More tough conversations

There is a particular conversation I had with a student last year that I have been reflecting on a lot. The conversation happened last Spring semester and I continue to think about it constantly. The conversation centered around the topic of the multicultural sorority that Panhellenic voted on and passed. I'm not sure how the conversation started, but basically the student did not understand why a multicultural sorority was necessary. He felt that all women should feel welcome in the sororities that are already on campus and didn't see the purpose of bringing on a new sorority that was only for a certain group of women on campus. I tried to explain the reasoning for bringing the new sorority on campus and he continued to struggle to understand the purpose of it. Finally the student just said "Maybe I just don't understand because I'm white." At that point I had no idea where to take the conversation, so I just let it go. This is why I've been thinking about it ever since it happened. I keep hoping I had taken the conversation further and explored the issue with him more.
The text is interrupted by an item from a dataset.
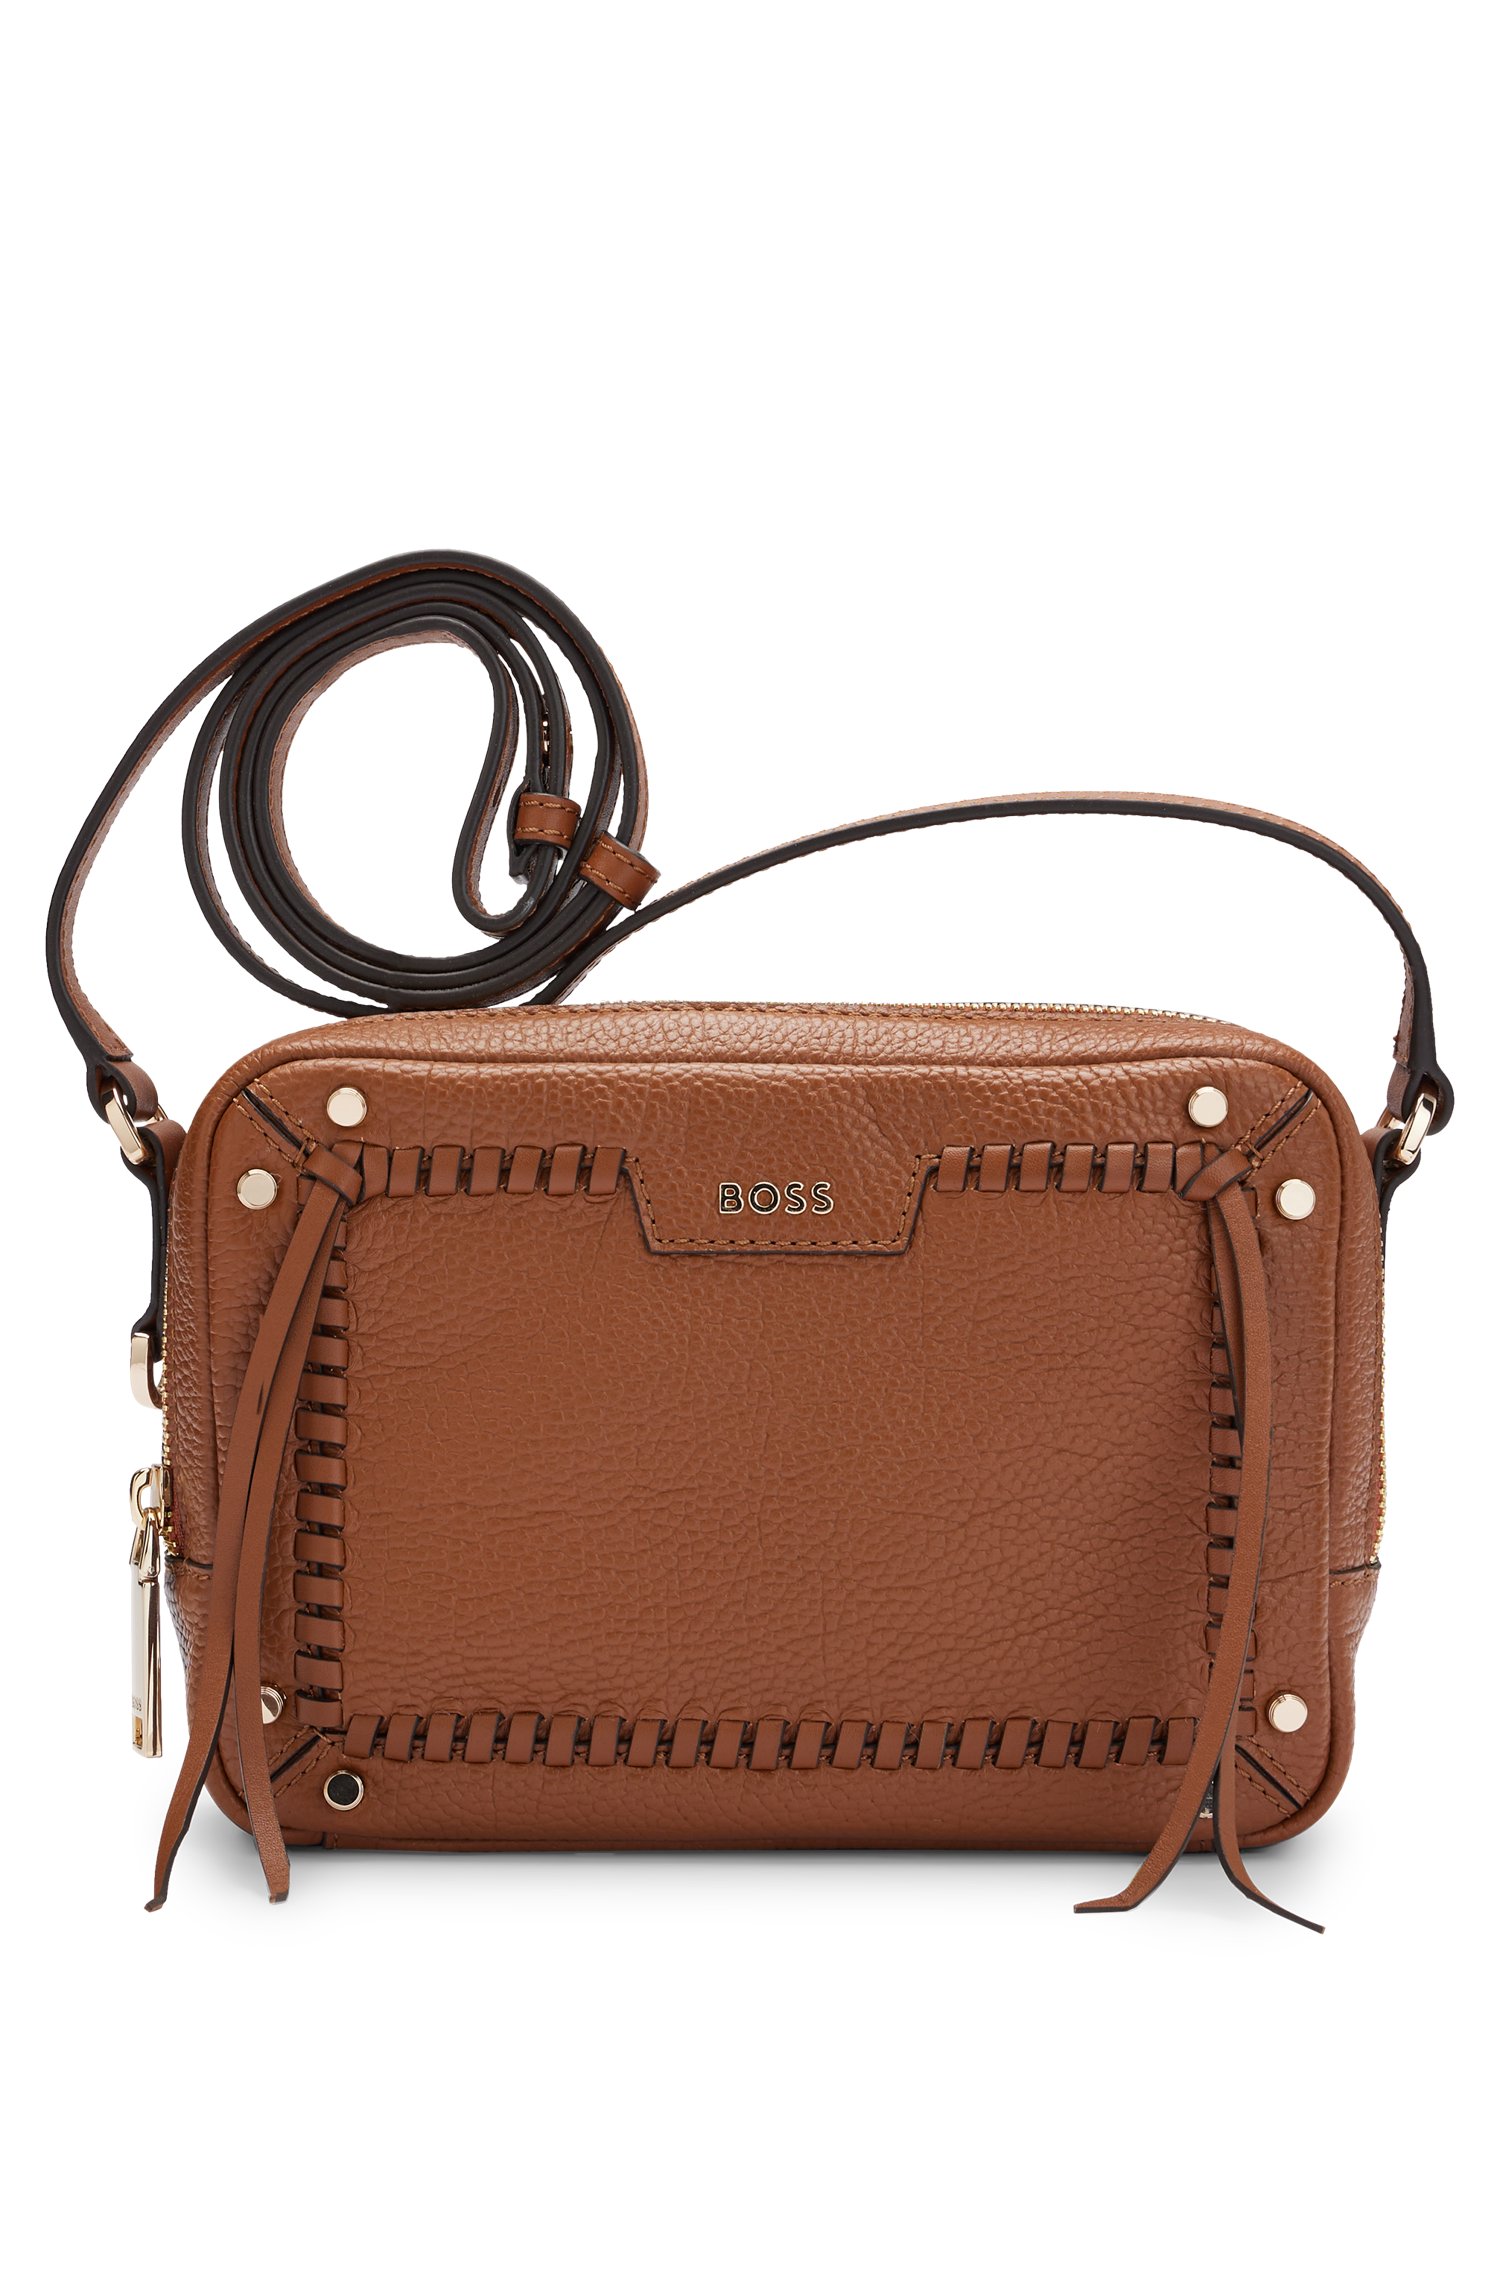 Grained-leather crossbody bag with whipstitch details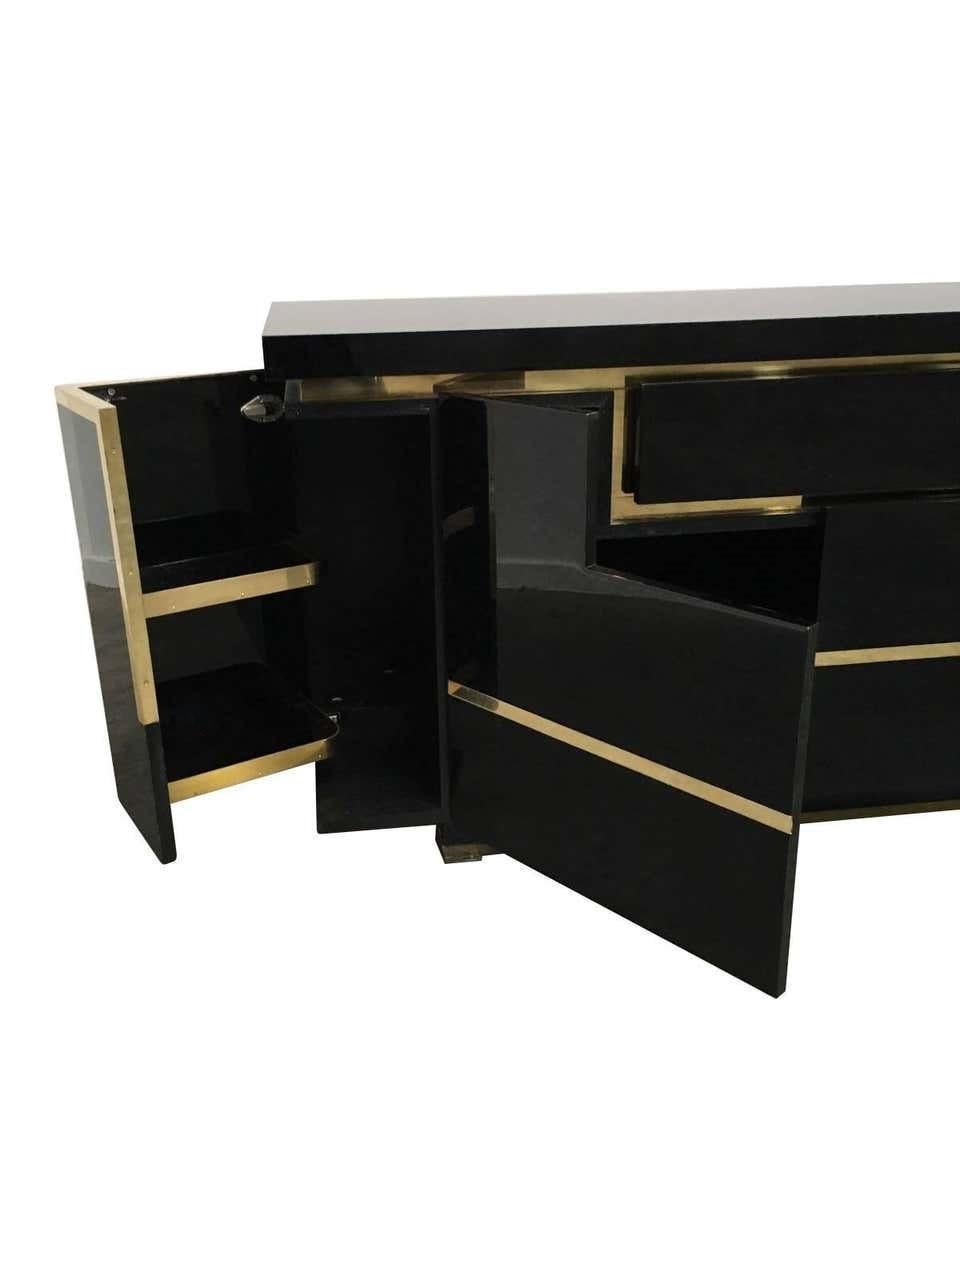 French Black Lacquered Sideboard / Credenza with Brass Trim by Jean Claude Mahey

I have been thinking about this conversation for two reasons, (1) It makes me wonder how many other members of the Greek system, or even on the USD campus, feel this way and (2) I wish I had the counseling skills I have now when this conversation happened.

It is no secret that USD is a predominantly white campus and that underrepresented students on this campus struggle to feel a sense of belonging. In thinking about the multicultural sorority on campus I wonder how many students really understand the purpose of having a group like this on campus. I know a very good job was done during Panhellenic meetings to help them understand why a multicultural sorority was necessary, but there are many other students on campus that were not a part of these meetings. Specifically the men in IFC clearly don't understand why this is necessary. Looking back at my conversation, I wish I had used it as a reason to have a discussion during the IFC meeting about the multicultural sorority. I think it would have been a good discussion to hear what their opinions were and try to help them understand. The idea of diversity and inclusion is obviously something that continuously needs to be talked about and I should have taken that opportunity to have a discussion about it. This is another moment for me where I recognize that I missed an opportunity for growth for myself and my students. I hope that if an opportunity like this comes up again, I will recognize it and initiate the conversation.

In thinking about the counseling skills that I have learned since starting my position in the Center for Student Success, it is clear to me that this conversation would have looked very different if I had the skills then. The way the conversation went, I spent most of the time explaining to him the purpose of the multicultural sorority. If I had the counseling skills I have now I would have asked him more open-ended questions to fully understand where he was coming from. Instead of trying to hear him out, I automatically tried to get him to understand the purpose. It is obviously not realistic for him to change his mind in the matter of one conversation. Once I heard his story I would have offered him a little perspective and self-disclosed a little based on my experiences as an underreprested graduate student on this campus. Then when he made the comment of him being white and not being able to understand, I would have simply asked "Can you explain to me why you think as a white male you cannot understand the purpose of this sorority?" I think this would be the best question to ask because it's open ended and it allows him to tell me what being a white male means to him. Based on how he responds I would follow up with more open-ended questions and hopefully help him begin to see why it is so important. I recognize that I cannot do the conversation over, but I feel it's important that I recognize how valuable basic counseling skills are. I am grateful for the skills I've learned this year and I know they will help me where ever I end up after graduation.